[About this exercise]: Repeat the data that follows in full. Do not include the pictures.

[Source material]:

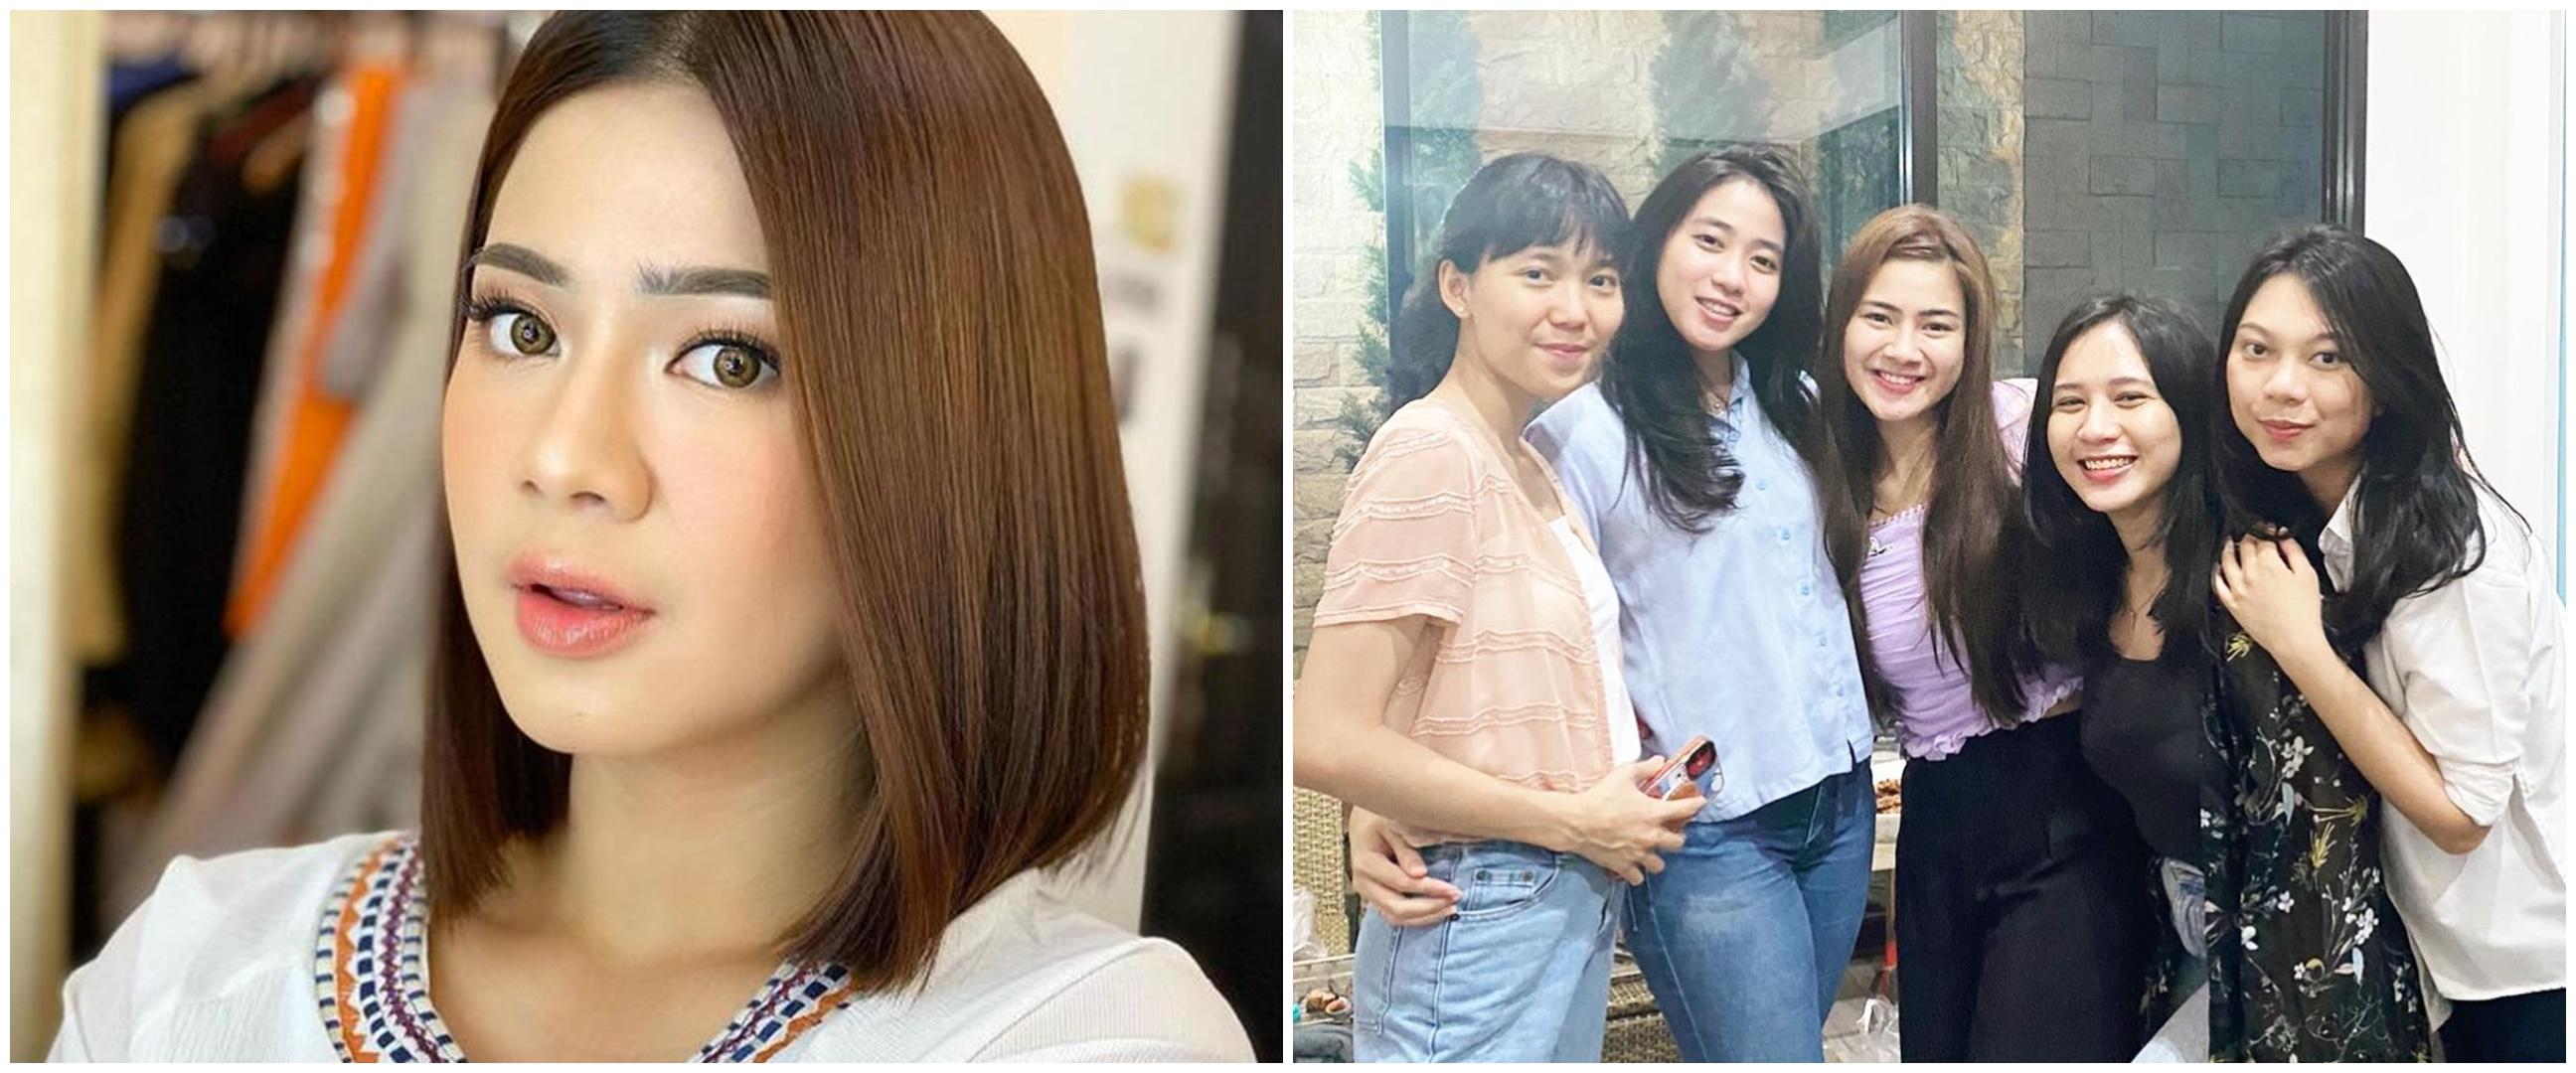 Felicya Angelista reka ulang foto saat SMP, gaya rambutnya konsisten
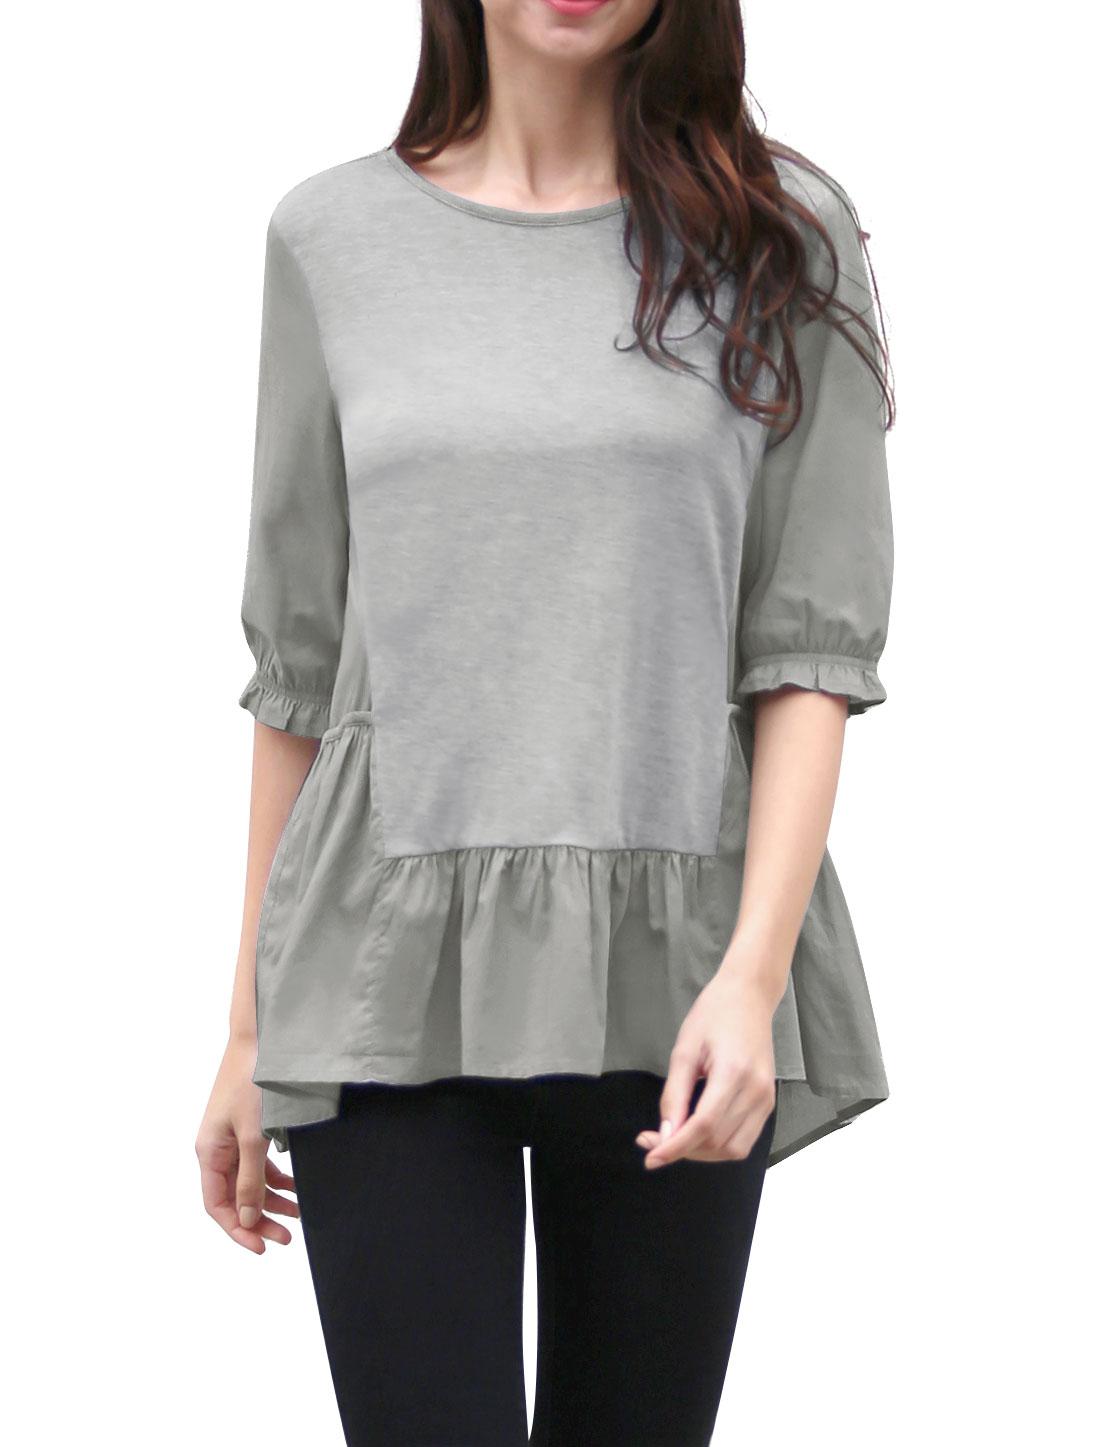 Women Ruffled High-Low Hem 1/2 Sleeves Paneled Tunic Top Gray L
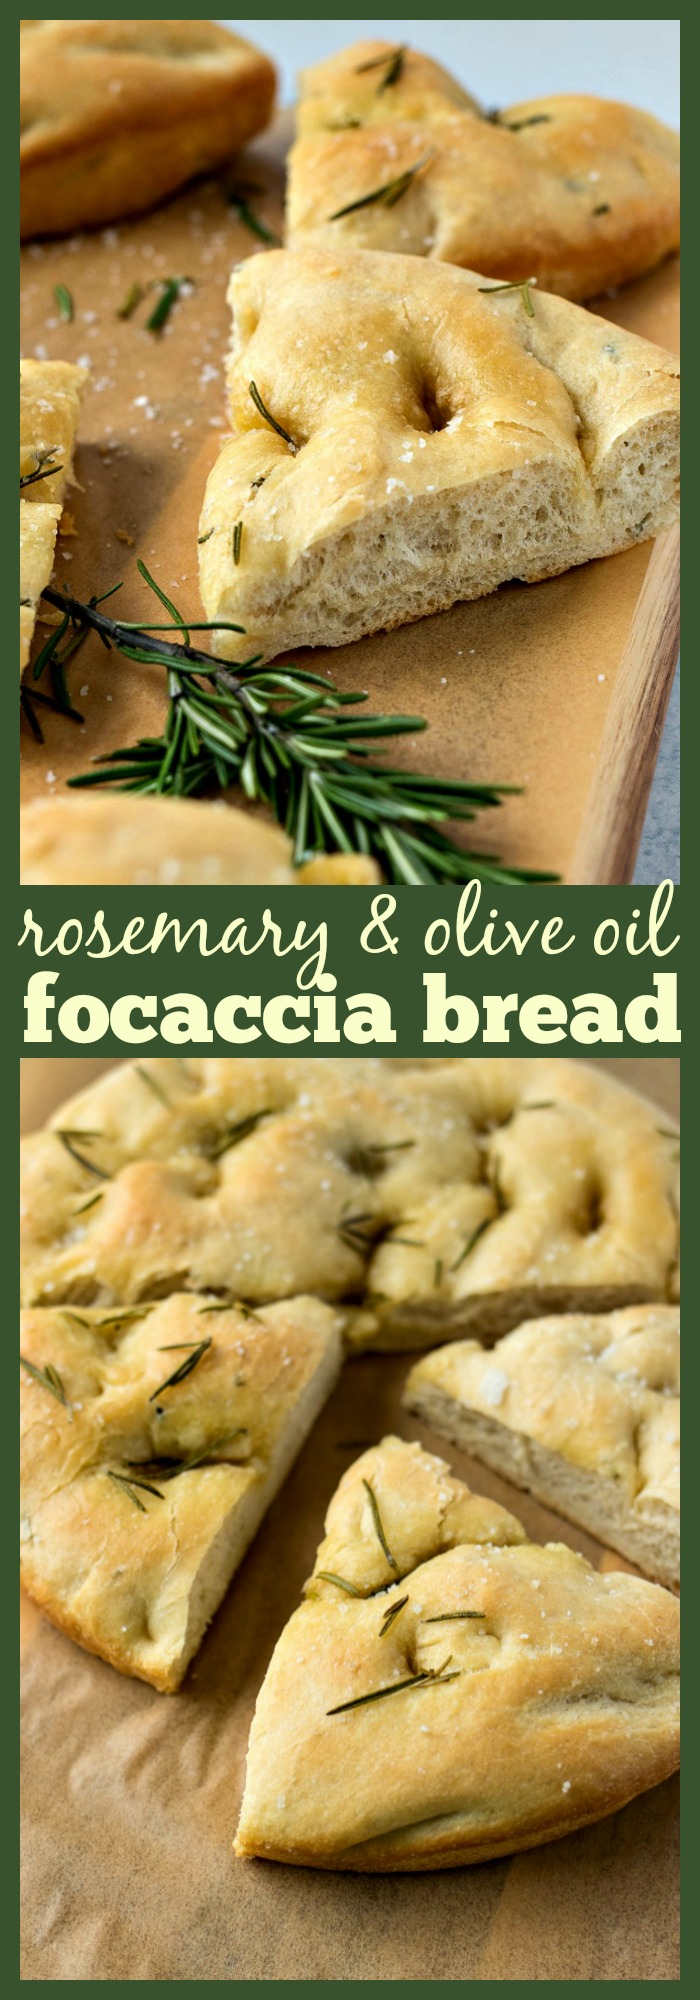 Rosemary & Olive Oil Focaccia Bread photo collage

[Result of this exercise]:
 Felicya Angelista reka ulang foto saat SMP, gaya rambutnya konsisten
 Women Ruffled High-Low Hem 1/2 Sleeves Paneled Tunic Top Gray L
 Rosemary & Olive Oil Focaccia Bread photo collage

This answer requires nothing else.